Now, New Delhi is taking this energy relationship to the next level and hoping to formalise it through a bilateral pact.
The incredible importance of Japan’s acceptance of the Indo-US nuclear deal is little understood by the lay Indian public. The fact is that the two US companies pushing to build civilian nuclear plants in India, General Electric and Westinghouse Electric Co (WEC), are either partly or wholly owned by Japanese companies. GE and Hitachi came together in a 60:40 per cent international joint venture in 2006, while Toshiba Corp. bought Westinghouse outright in 2006 for $4 billion.
In fact, Japan’s Mitsubishi Nuclear Fuel Co was in December 2008 restructured as a comprehensive nuclear fuel fabrication company, with a 30 per cent stake by the French firm Areva, so as to allow it to expand domestic operations into overseas markets.
Since these companies are so intimately tied into the Japanese companies, Tokyo has long been telling New Delhi that the Indo-US deal cannot be fully implemented on the ground unless Japan allows its own companies to further empower its US and French partner companies to sell civilian nuclear technology to a country (India) which has not signed the Nuclear Non-Proliferation Treaty.

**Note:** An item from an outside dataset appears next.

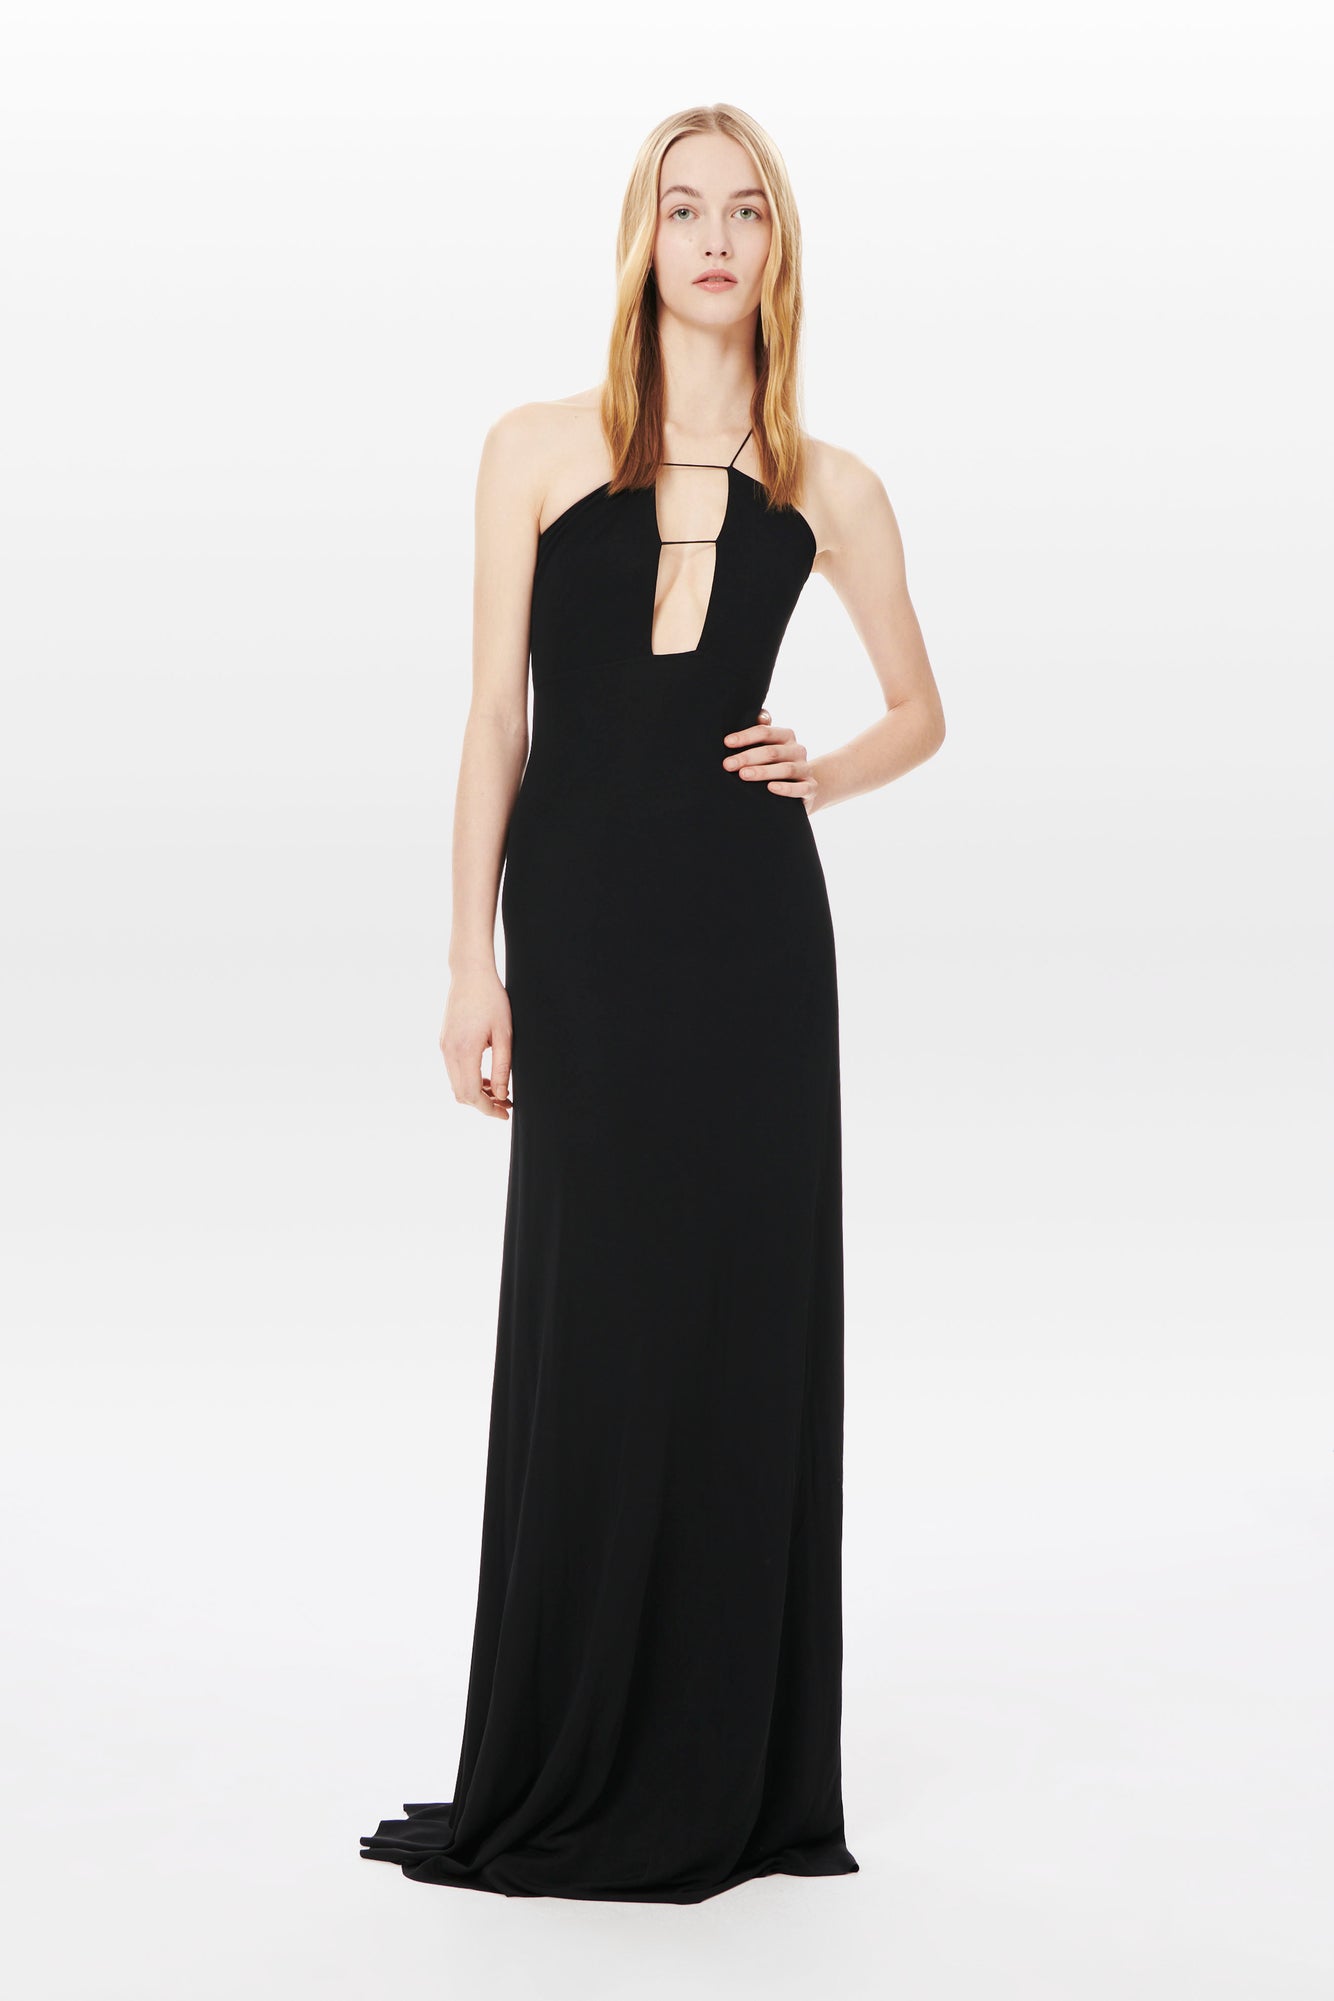 Victoria Beckham Halter Floor-Length Dress in Black

Since without Tokyo’s permission the 123 Agreement — soon to face the US Congress for final ratification — cannot be implemented on the ground in India, the need for an intergovernmental agreement had become pressing.

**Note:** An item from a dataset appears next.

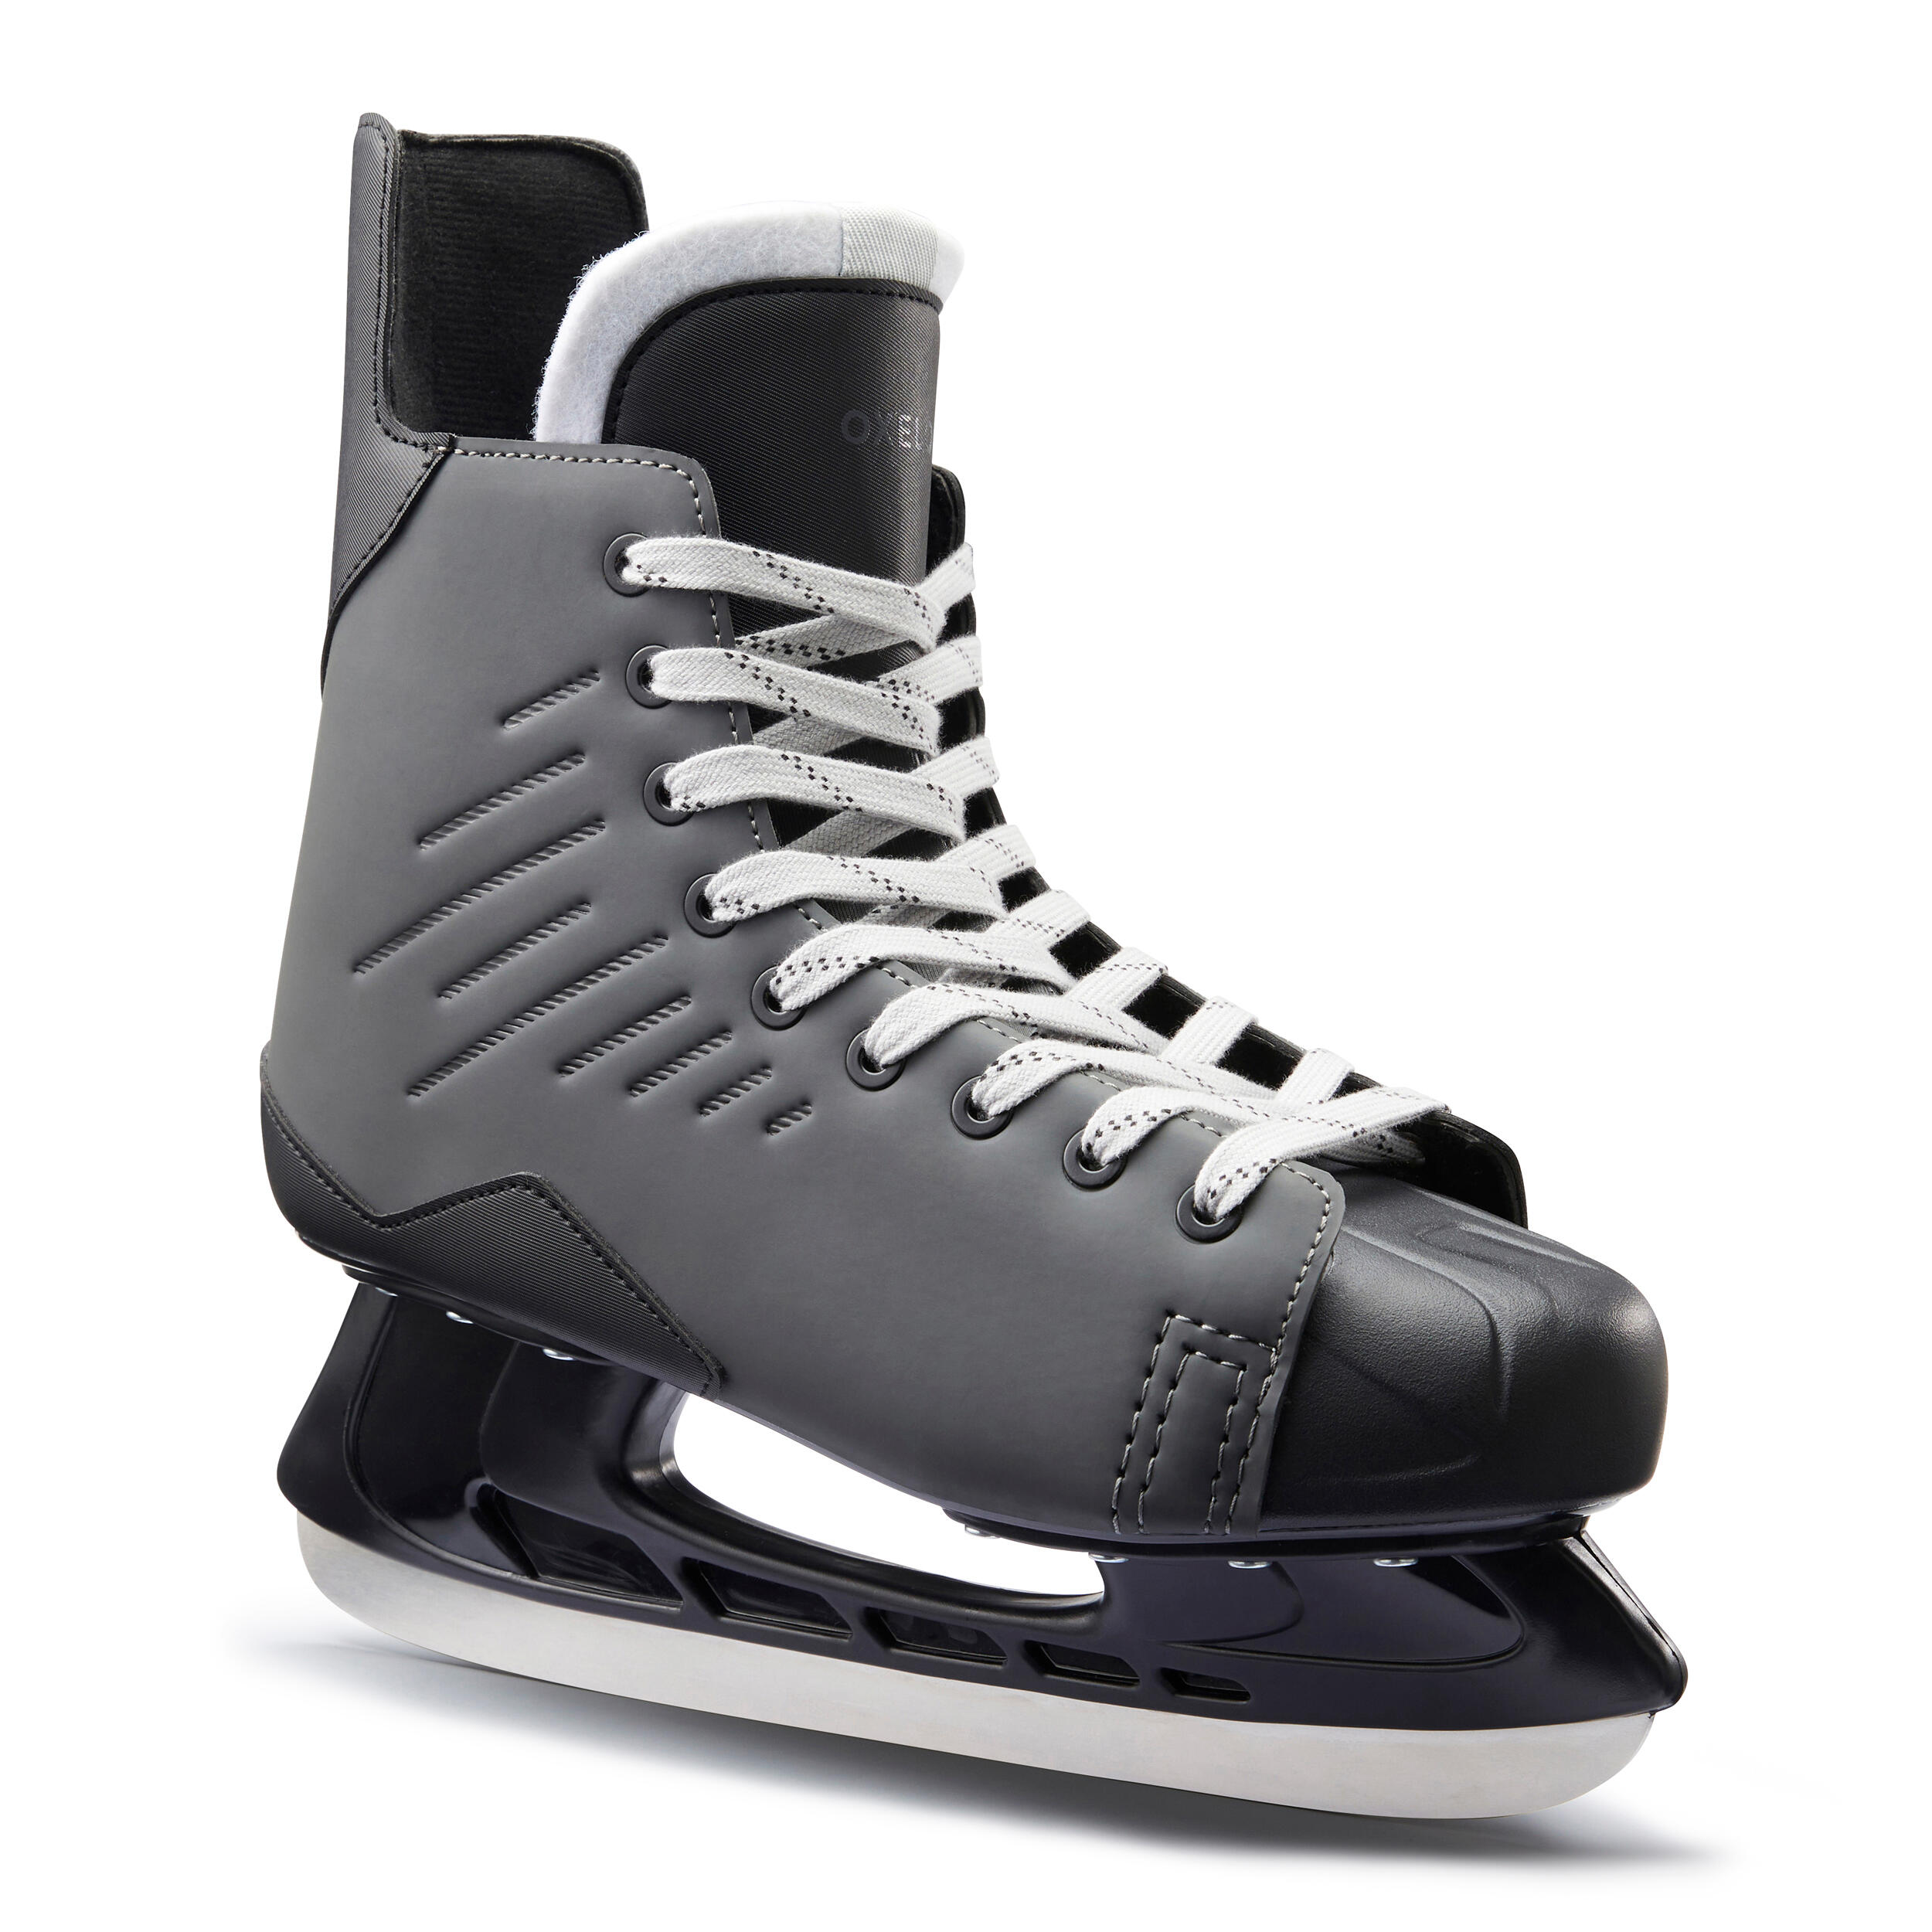 Oxelo Adult Ice Skates Hockey Look 100

Meanwhile, the government introduced the nuclear liability Bill on the last day of the Budget session of Parliament on Friday. The Bill will be scrutinised by the standing committee headed by Samajwadi Party leader Mulayam Singh in the interim months before the monsoon session opens in July.
The US has told India it cannot put the leftover “procedures and arrangements” related to the 123 Agreement before the US Congress unless the nuclear liability Bill is passed by the Indian parliament.
India has already committed to Areva to build a nuclear power plant at Jaitapur in Maharashtra, the US has got two sites in Gujarat and Andhra Pradesh and the Russians, besides expanding the site at Kudankulam in Tamil Nadu will also set up another plant in Haripur, West Bengal. Each country has been allotted the manufacture of approximately 10,000 Mw of nuclear energy so that India can meet its target of 40,000 Mw by 2032.